Consider New Components

pmui ships components that plain Panel never had. These aren't swaps — there's nothing to replace — but a migration is the natural moment to ask whether a purpose-built component would serve better than the pattern you're carrying over. Reach for them only when they simplify the app; don't add UI for its own sake.

  • pmui.Dialog / pmui.Drawer — modal dialogs and slide-out panels. Beyond replacing pn.Modal, a Drawer is often a cleaner home for secondary controls than a permanently visible sidebar.
  • pmui.Rating, pmui.Chip / pmui.Pill / pmui.MultiPill — first-class inputs for star ratings and tag/selection chips that people otherwise fake with buttons or multi-selects.
  • pmui.SpeedDial, pmui.SplitButton, pmui.Fab — compact action menus and floating actions that replace clusters of buttons.
  • Navigation menus — pmui.Breadcrumbs/NestedBreadcrumbs, pmui.Pagination, pmui.Tree, pmui.TabMenu, pmui.StepperMenu, pmui.MenuList — for paged tables, hierarchical data, or multi-step flows previously hand-wired with callbacks.
  • pmui.Avatar, pmui.Badge, pmui.Skeleton, pmui.Tooltip — small polish (user chips, count badges, loading placeholders, hover hints).
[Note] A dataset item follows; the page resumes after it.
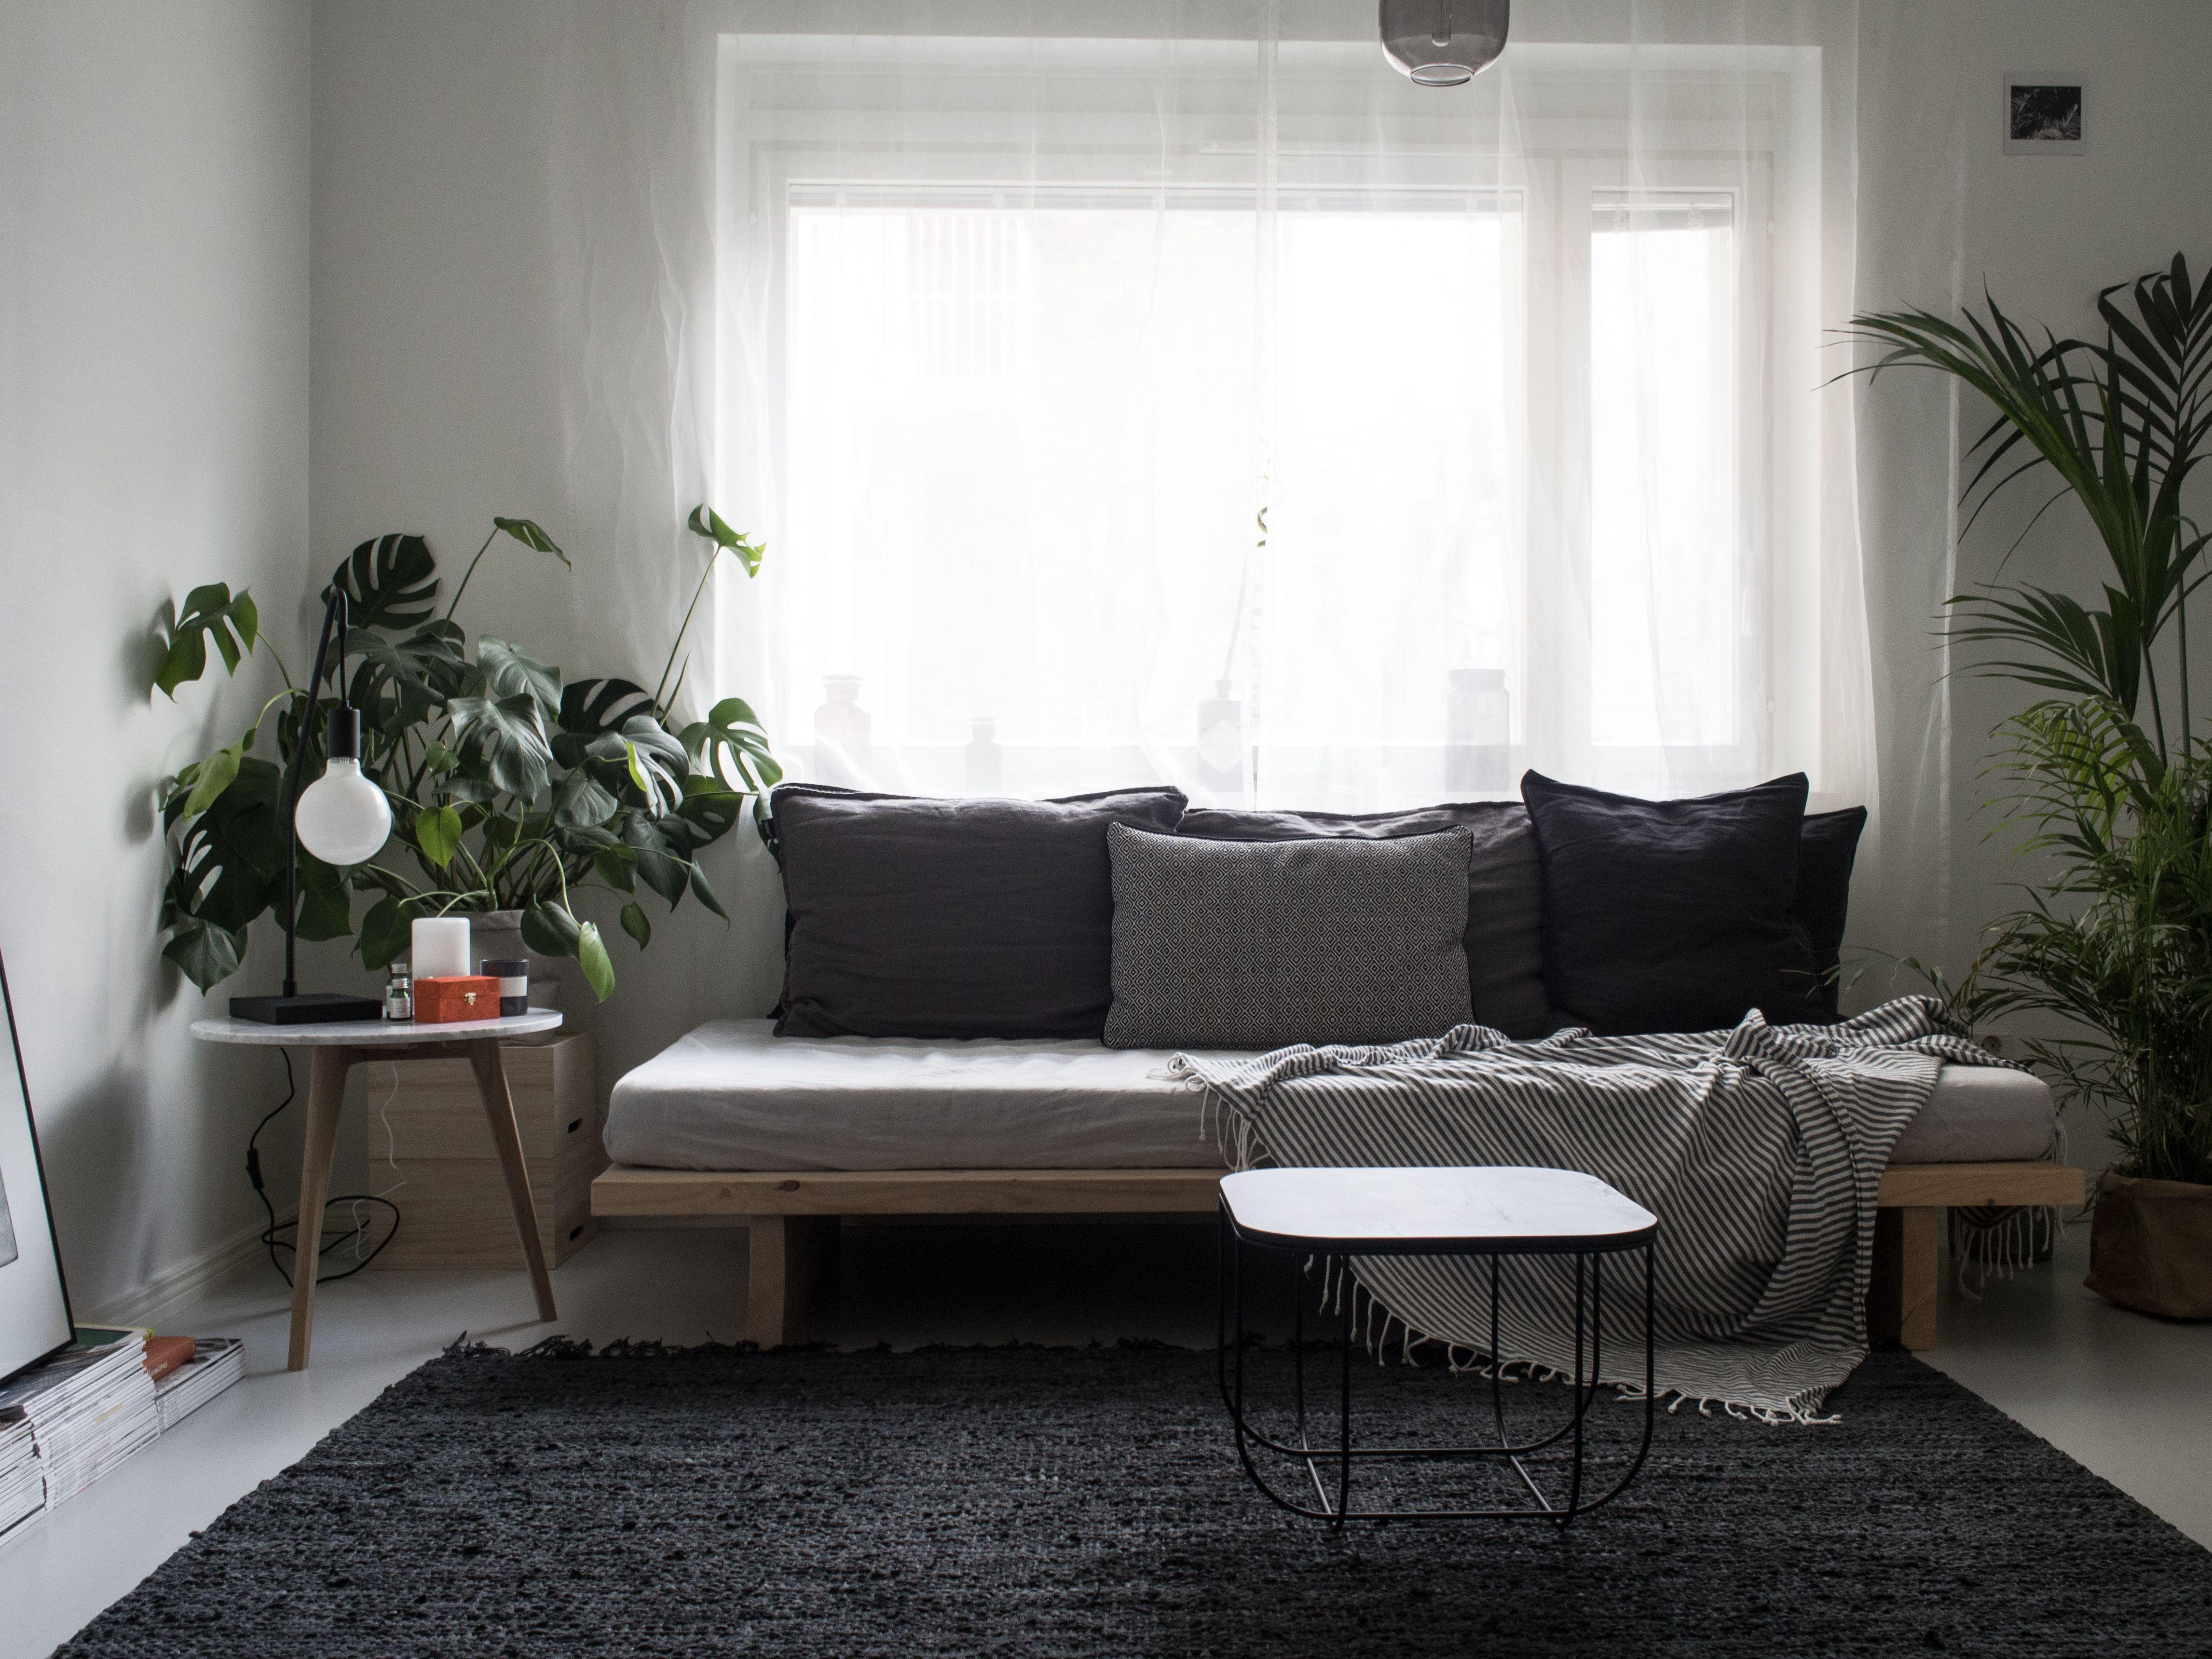 Diy Daybed In My Living Room Menu Fuwl Cage Table Broste Copenhagen Nor Rug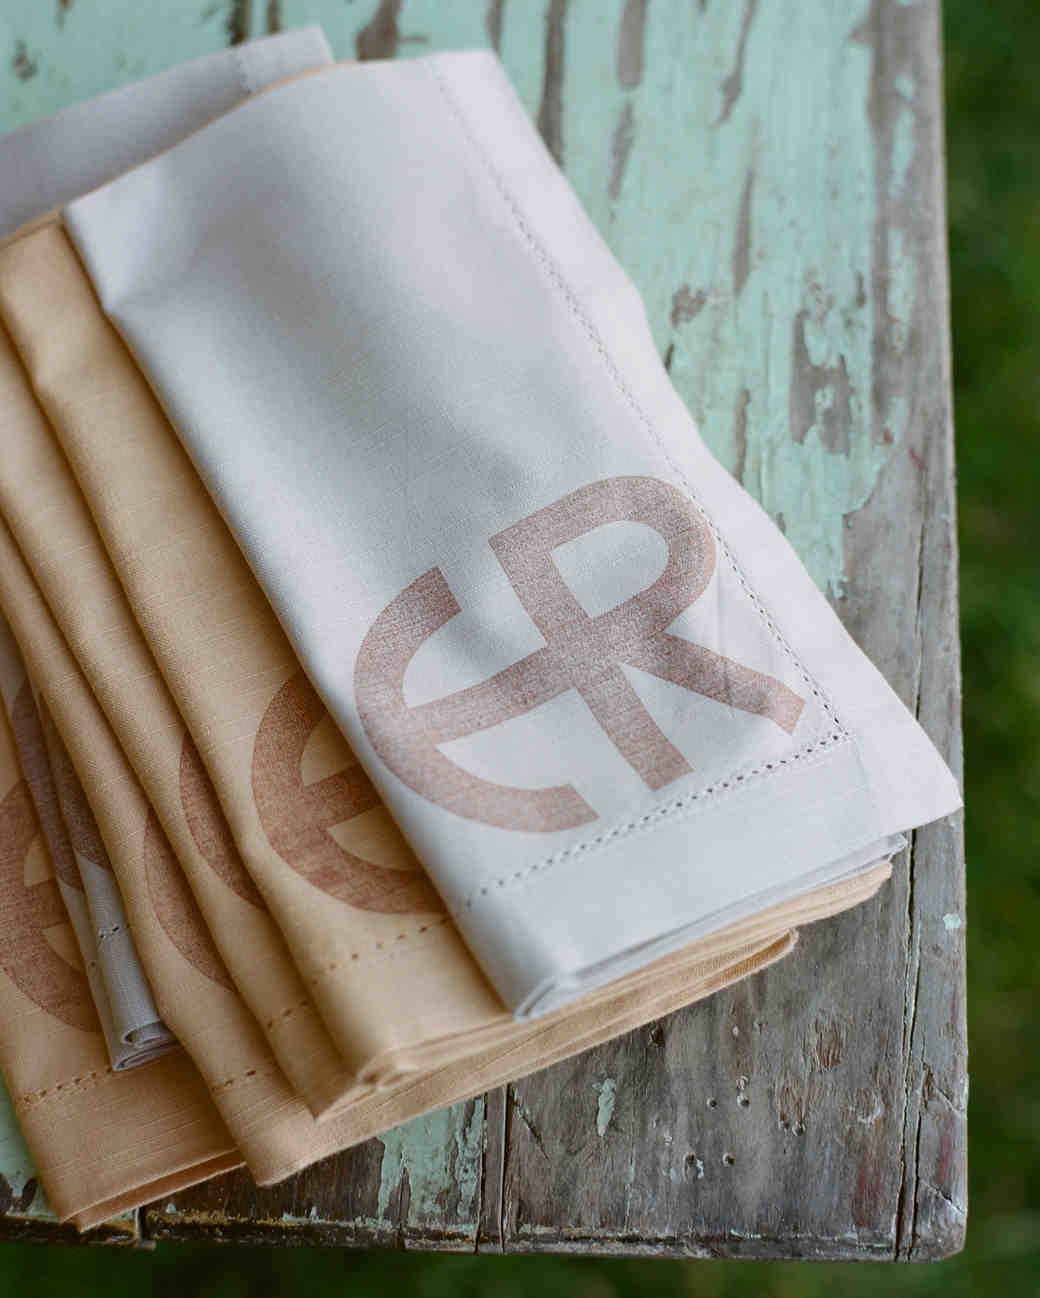 callie-eric-wedding-napkins-624-s112113-0815.jpg

Skeleton is a top-level component; Badge/Tooltip/Transition apply via the wrapper API rather than as standalone constructors.
  • pmui.ThemeToggle, pmui.BreakpointSwitcher — standalone versions of behavior Page exposes via theme_toggle=True; useful when you're not using Page or want the control placed manually.

Browse reference/{section}/index.md (especially menus/ and wrappers/, which have no Panel analog) before reimplementing something by hand.

What Not to Migrate

Some pn.* objects have no pmui equivalent — keep them as-is:

  • Plot / data panes — no pmui equivalent; keep as pn.pane.* / pn.widgets.Tabulator (see Panes for the full list, including media/embed).
  • Widgets with no pmui class: CodeEditor, Terminal, JSONEditor, FileSelector, FileDropper, Player, DiscretePlayer, StaticText, ToggleGroup, ArrayInput, ColorMap, the DataFrame widget, and the speech/media widgets (SpeechToText, TextToSpeech, VideoStream). Keep them as pn.widgets.*.
  • Indicators: pmui has only LoadingSpinner, Progress, CircularProgress, and LinearProgress. Everything else — Number, Trend, Gauge, Dial, Tqdm, BooleanStatus, LinearGauge, TooltipIcon — stays pn.indicators.*.
  • Spacers and low-level layout helpers without a Material counterpart (pn.layout.HSpacer, pn.layout.VSpacer).
  • All reactive wiring@param.depends, param.watch, pn.bind, pn.state.add_periodic_callback.

If unsure whether a pmui equivalent exists, don't rely on the reference index alone — it is not exhaustive (e.g. Row, Column, Divider, LoadingSpinner, and Progress exist but have no index page). Confirm with hasattr(pmui, "X") or dir(pmui), then check the section index (reference/{section}/index.md) per the Lookup in Using Material UI for usage rather than guessing a class name.

Gotchas

  • Duplicate icon. pmui buttons and toggles take a Material icon=. If you also leave a glyph (, ❚❚) in the label, you get two icons. Pick one — usually the Material icon=.
  • Don't keep pn.pane.Markdown defensively. pmui.Typography renders markdown; the swap is lossless.
  • stylesheets silently no-ops on pmui. The CSS targets Panel's old DOM, not MUI slots. Rewrite as sx (see Styling); styles is safe to keep.
  • design='material' is not pmui. That's the old Panel design system — remove it, don't confuse it for panel-material-ui.
  • Delete manual dark/light toggles. Page(theme_toggle=True) replaces them.